EXERCISE DATA:
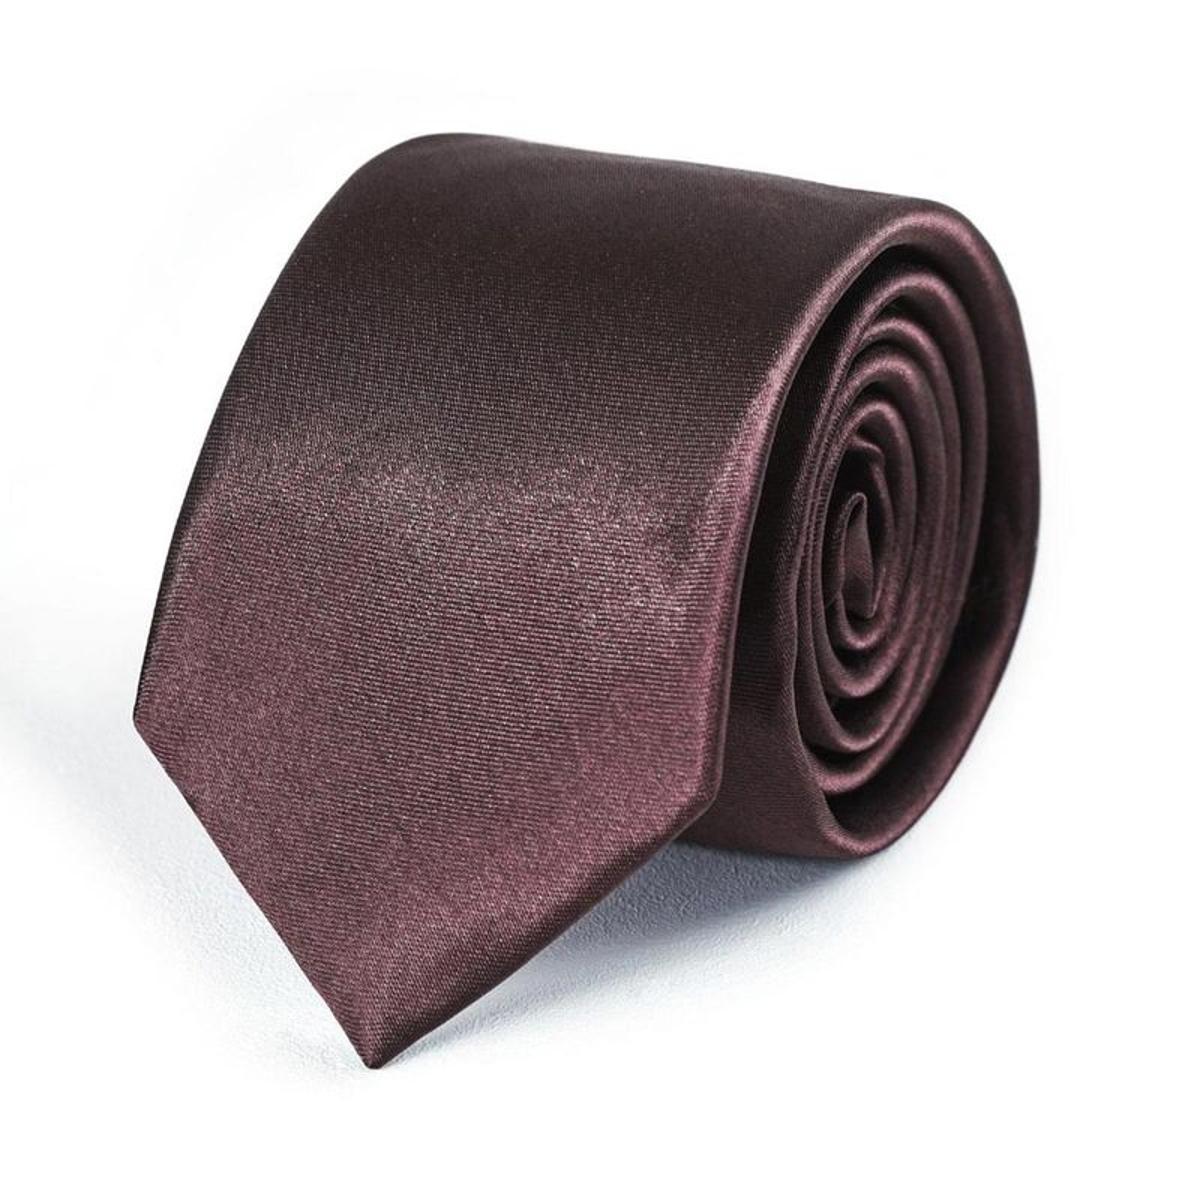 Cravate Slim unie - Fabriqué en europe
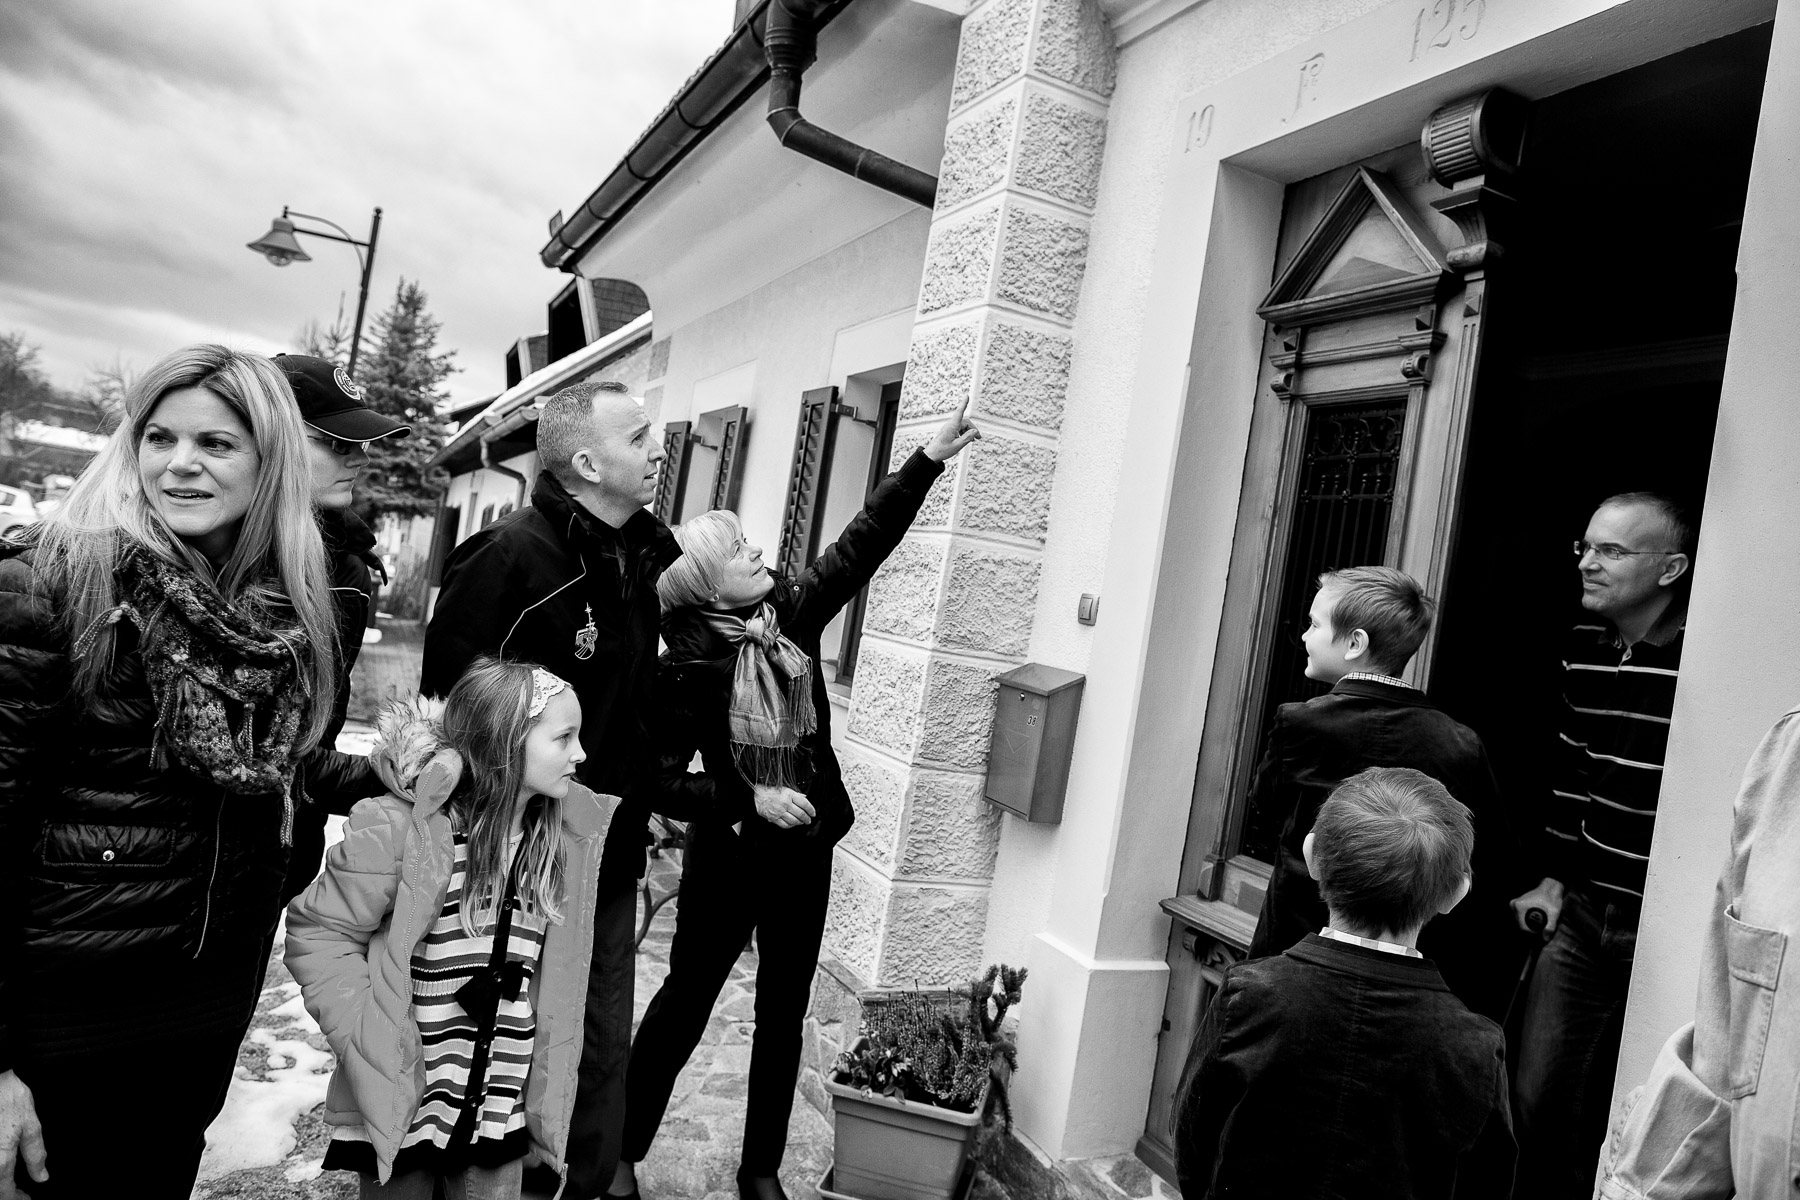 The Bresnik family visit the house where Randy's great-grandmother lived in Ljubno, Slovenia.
==
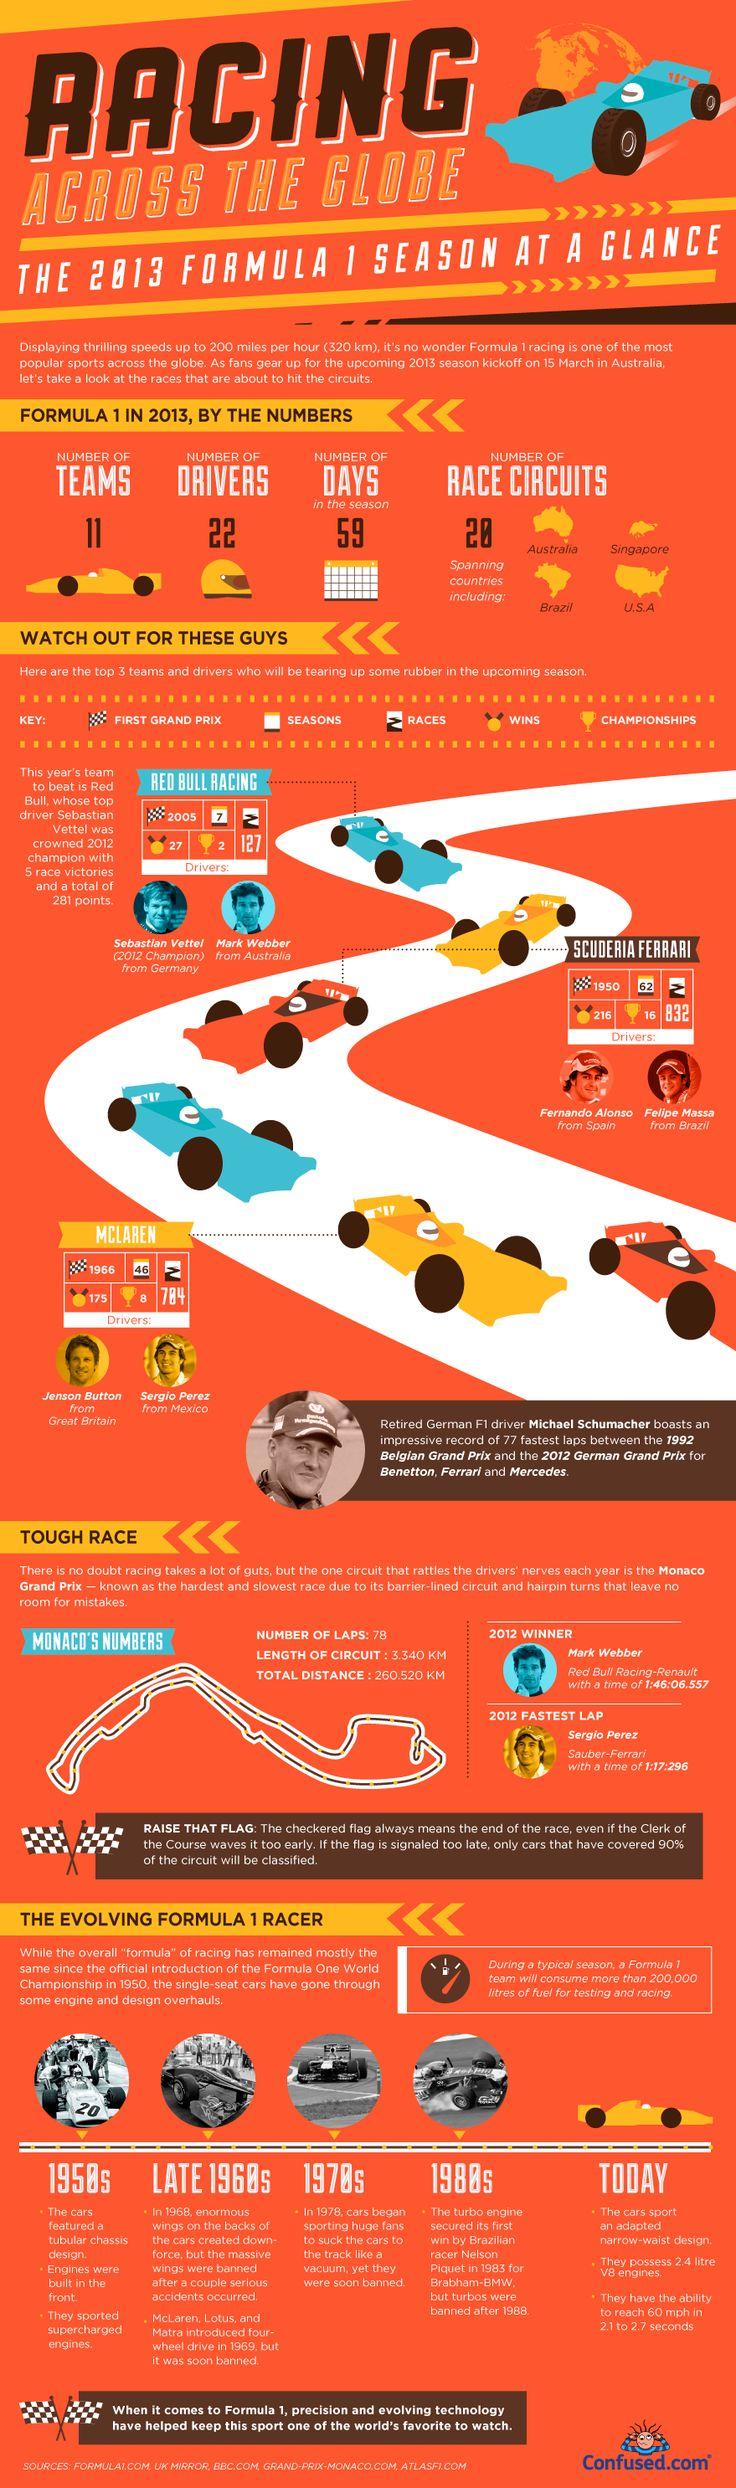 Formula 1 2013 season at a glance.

EXERCISE PROMPT:
Range to copy from the listing above: the line with "Cravate Slim unie - Fabriqué en europe" through the line with "The Bresnik family". Transcribe it exactly and skip the pictures.

EXERCISE OUTPUT:
 Cravate Slim unie - Fabriqué en europe
 The Bresnik family visit the house where Randy's great-grandmother lived in Ljubno, Slovenia.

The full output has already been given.